Wil:
I clearly do believe that EAFE & EM will outperform the US market in the next 5-10 years. I think relative valuations justify this and I'm willing to live with the increased volatility. I do not believe that the tax environment in the US will fundamentally change to make up for the differences in valuation.
I'm personally very willing to adjust my portfolio allocations to take advantage of macro level trends. For example, in early 2015 I intentionally added an allocation to Energy after it cratered. In that case, when I rebalanced early this year, I took the 25% gain off the table and basically eliminated that 'extra' allocation, falling back to just a normal allocation to energy in my normal equity index allocation.
*shrug* If I'm wrong, you can laugh at me for gambling.
To the discussion about returns of asset classes...some examples of long term projected return thinking are here:
https://www.bogleheads.org/wiki/Hist...pected_returns
You can also google 'expected returns by asset class' and get a ton of white papers put out by different companies...Vanguard, Blackrock, JP Morgan, etc. providing their view on asset classes.

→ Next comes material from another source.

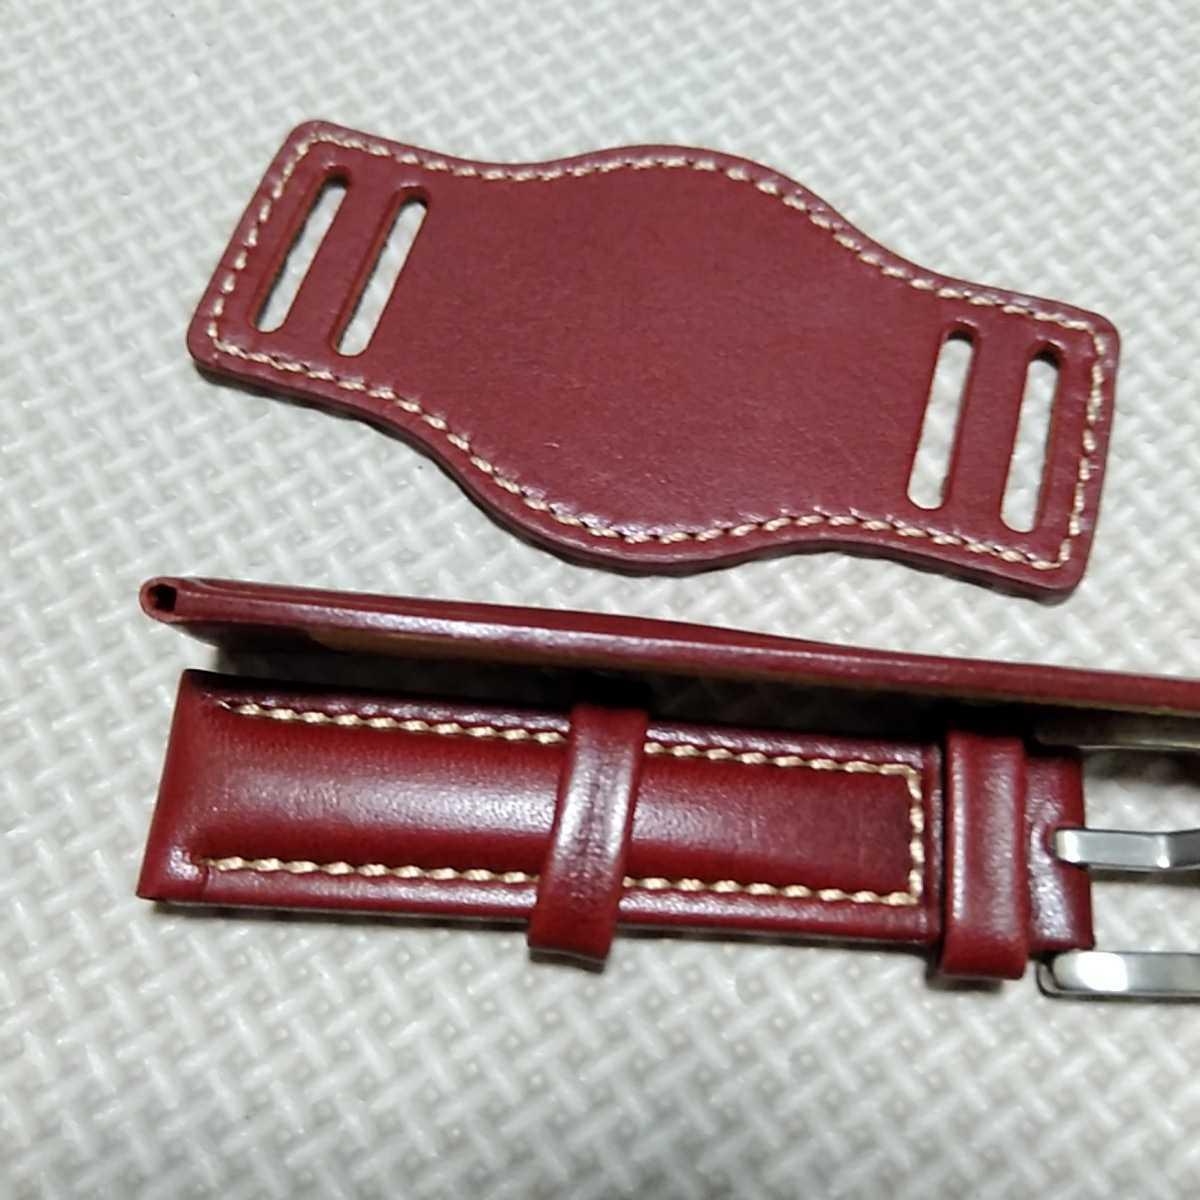 No54 ブンド BUND 本革レザーベルト 腕時計ベルト 交換用ストラップ レッド 18mm 未使用 高品質 ドイツパイロット 空軍_画像8

These are updated, so you can find very current thoughts. Obviously, these are somewhat throwing darts, but there's a reason there's a lot of general consensus....because we have alot of historical data on asset classes (return & volatility) to look at.
Also, if you aren't familiar with it, I love the periodic table of investing. Several folks put these out with different asset classes broken out. They are pretty interesting to illustrate the advantages of diversification.
Last edited by jalexand42; 02-15-2017 at 03:50 PM.